Gavriil Vasilyevich Zhukov (Гавриил Васильевич Жуков; 24 March 1899 - 8 January 1957) was a Soviet naval commander who served in both the Spanish Civil War and the Second World War.

==Early life==
Zhukov was born in the Village of Beryozovy Gai in the Samara Governorate in 1899. After limited schooling at the age of 15 he was employed at a factory manufacturing artillery fuzes. Later he traveled to Petrograd and entered a maritime School there. In April 1918, he joined the Red Army sailors' detachment and took part in battles with the White Guard troops in Samara, Simbirsk and Kazan in the composition of the Volga Military Flotillas. He rose through the ranks first as a seaman, then a machine gunner, chief of staff of the sailors' unit and finally adjutant to the unit commander. After the Civil War from 1925 to 1927 he studied at the Russian Naval School.

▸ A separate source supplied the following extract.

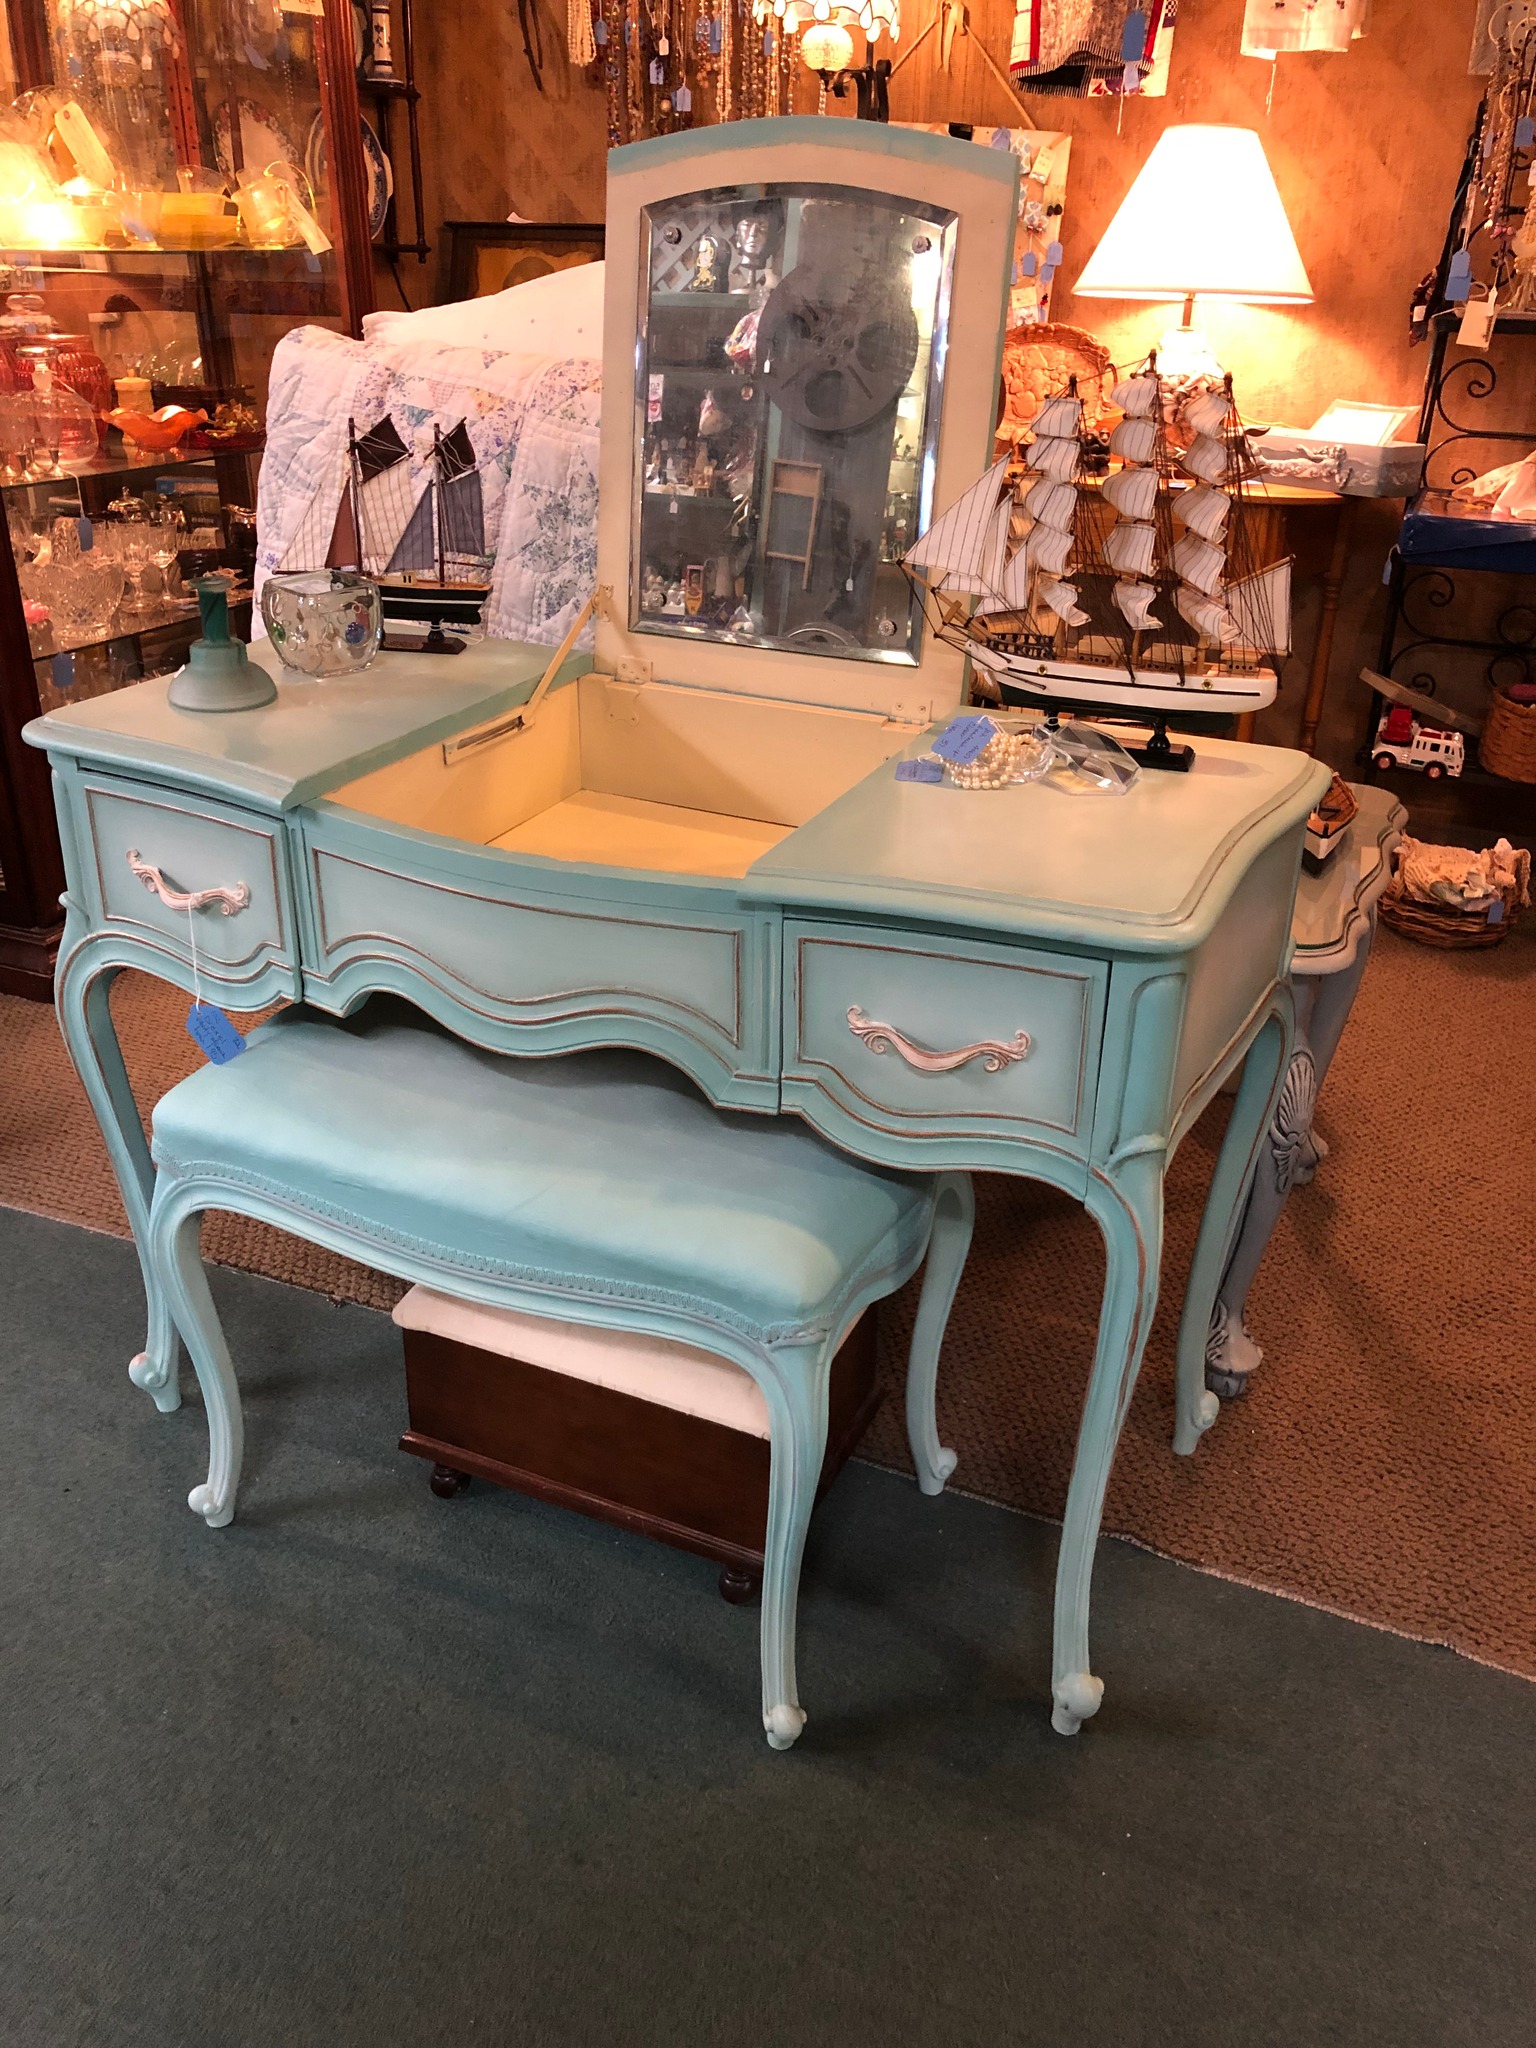 Scranberry Snapshots - Scranberry Coop Receives 2022 Best of Andover Award! - Scranberry Coop - Vintage Store - Antiques, Collectibles, & More

During the Spanish Civil War from October 1936 to 31 July 1937, Zhukov was in Spain as adviser and assistant to the naval attaché to Nikolai Kuznetsov . For his participation alongside the Spanish Republicans he received his first Order of Lenin.

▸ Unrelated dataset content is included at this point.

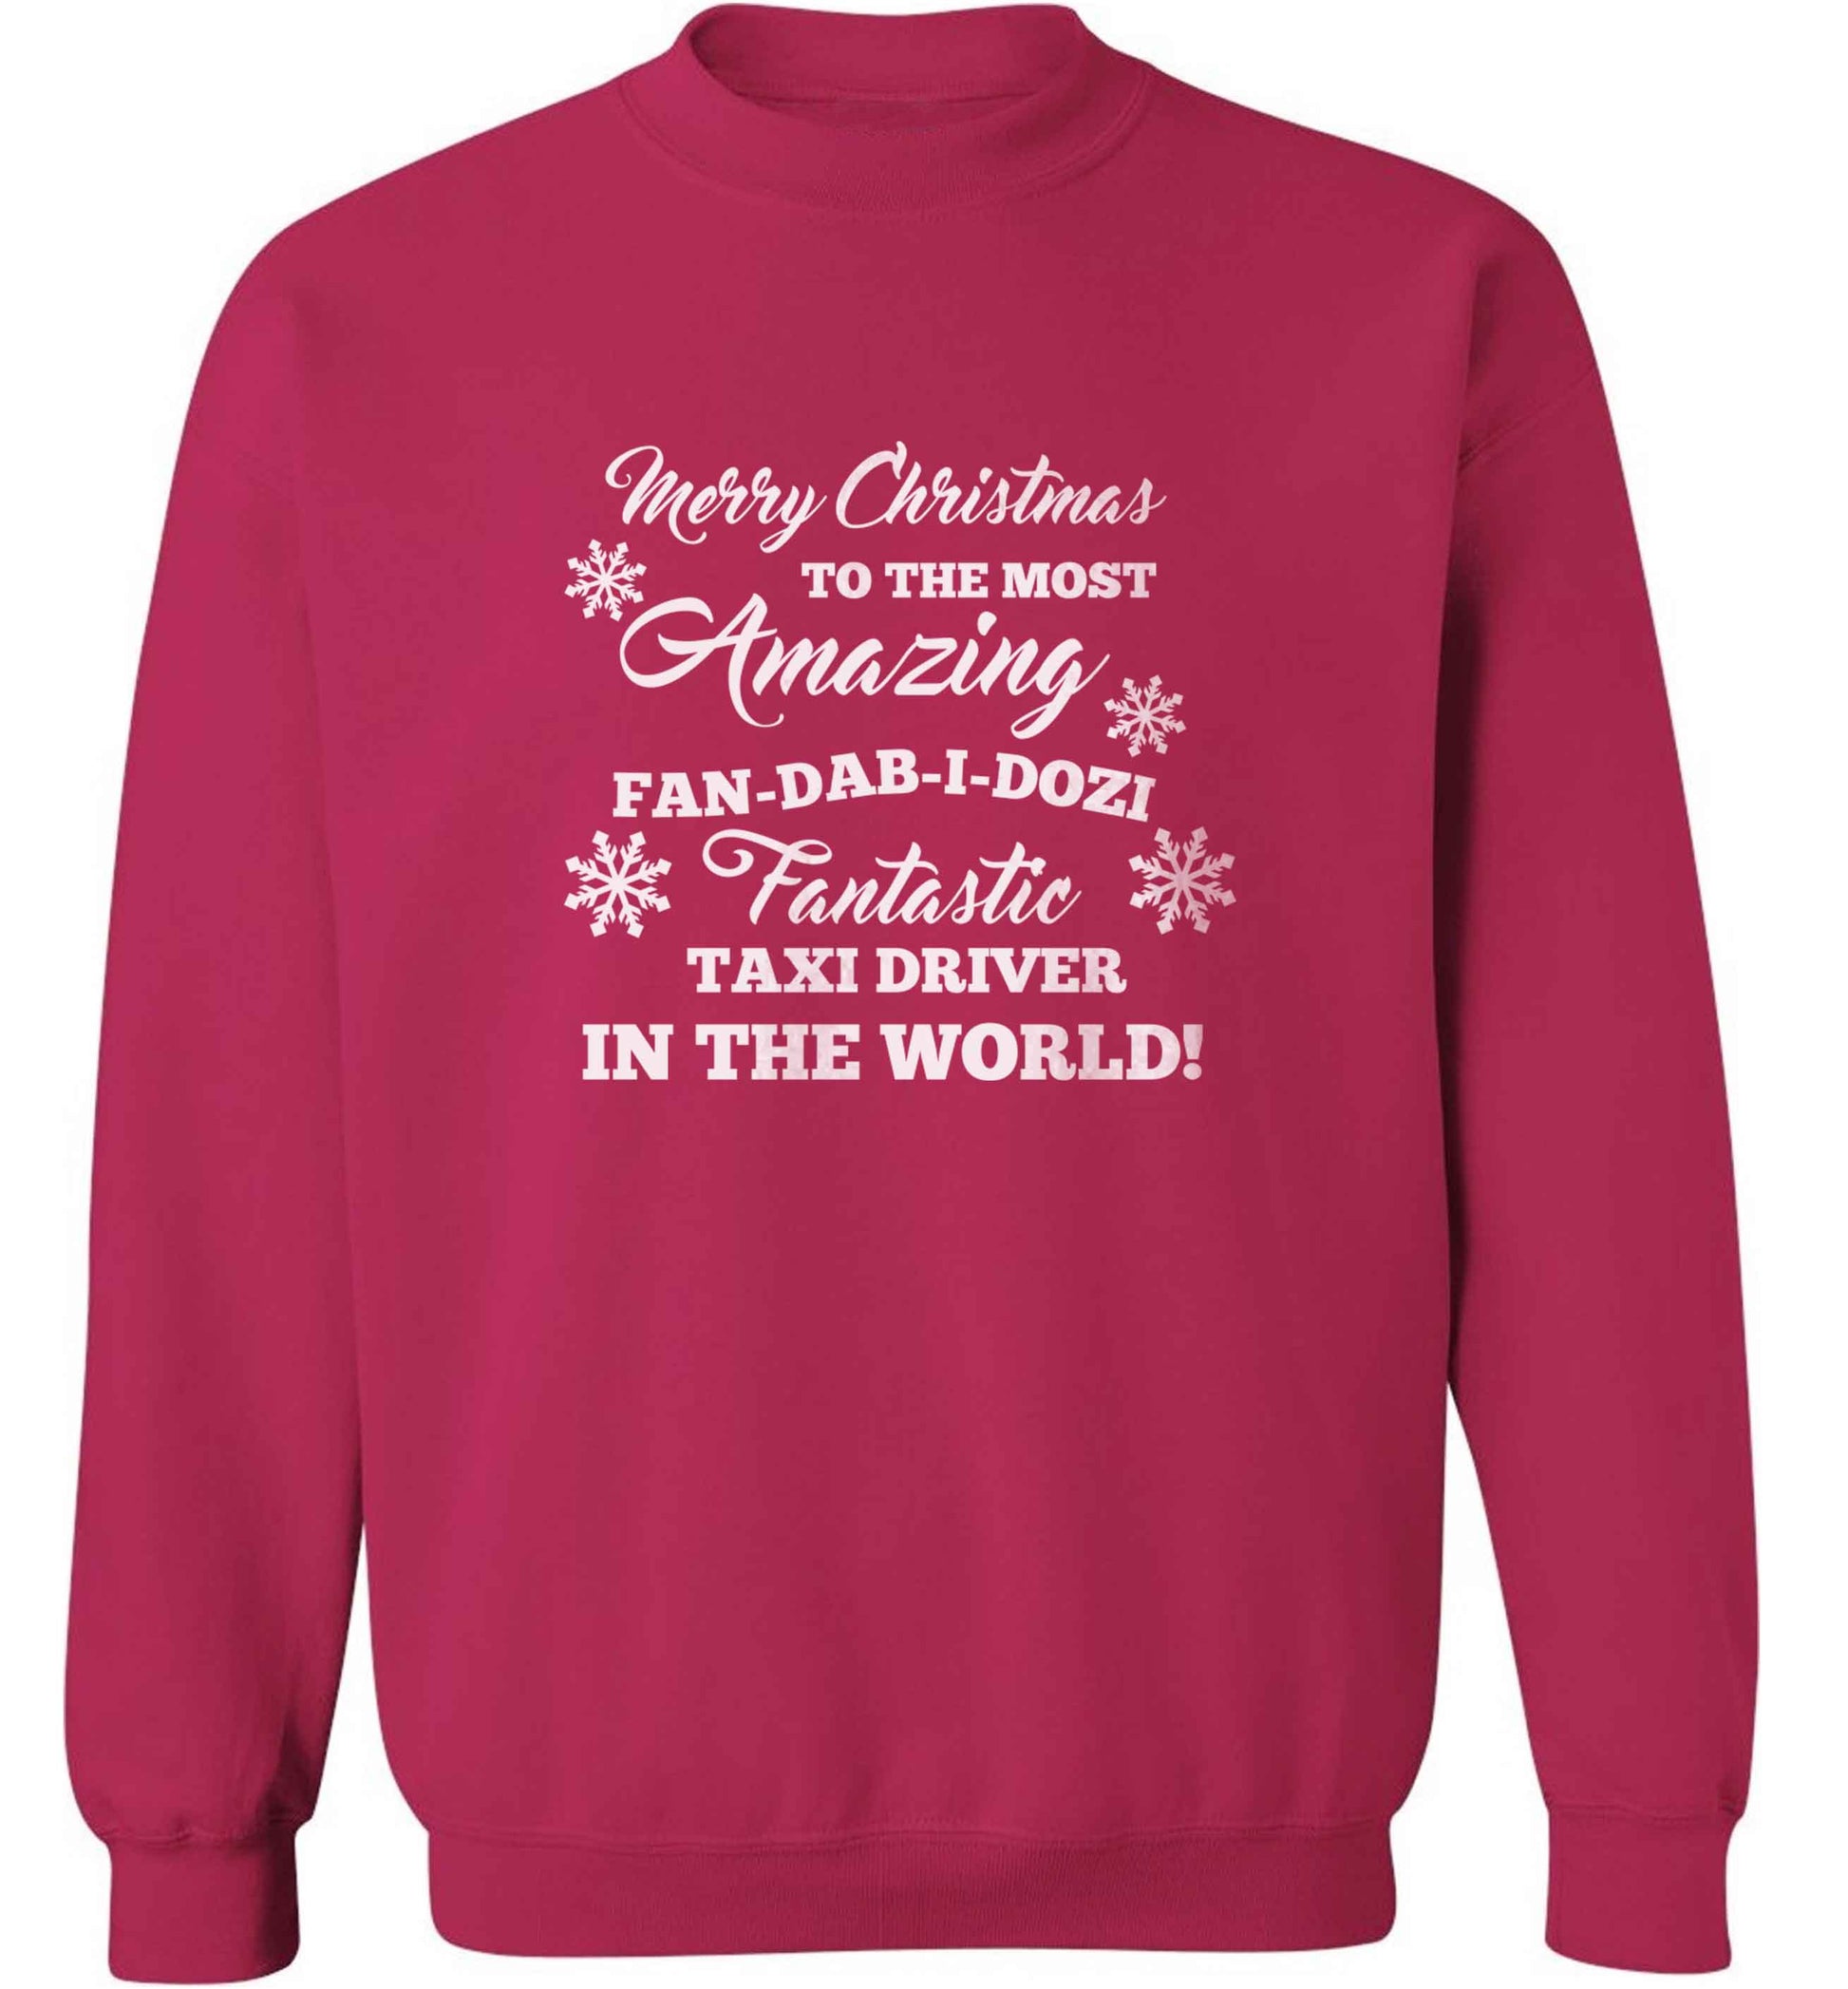 Merry Christmas to the most amazing taxi driver in the world! adult's unisex pink sweater 2XL

From its construction in 1937 to 1939 he was captain of the cruiser Maxim Gorky and was then promoted in 1939 to command the Detachment of Training Ships of the Baltic Fleet, before serving as commandant of the Northwestern Fortified Region of the Black Sea Fleet. In March 1940, he was transferred to command the Odessa Naval Base .

==Second World War==
When the Germans invaded the USSR, Gavriil Zhukov was the commander of the Odessa Naval Base as well as the Odessa Defense Region during the Siege of Odessa when the city was surrounded by Romanian and German forces in August 1941 until the evacuation of troops in October 1941. In December, Zhukov was appointed deputy commander of the Black Sea Fleet for land defense of its main base, Sevastopol. After the defense of Sevastopol, he commanded naval bases, taking charge of the Tuapse Naval Base in April 1942. In May 1943 Zhukov was transferred to command the Island Naval Base of the Baltic Fleet on Lavansaari and Seiskari in the Gulf of Finland. In January 1945 he was shifted to command the Odessa Naval Base.

==Later life==
Between 1946 and 1948, Zhukov commanded the Southern Naval Region of the Pacific Fleet, before serving as chief of the Black Sea Higher Naval School in Sevastopol. In September 1948 he was transferred to serve as chief of the Odessa Higher Nautical School, his last post before he resigned due to illness in 1951. Zhukov died in Odessa in 1957 and buried at the Second Christian Cemetery in Odessa.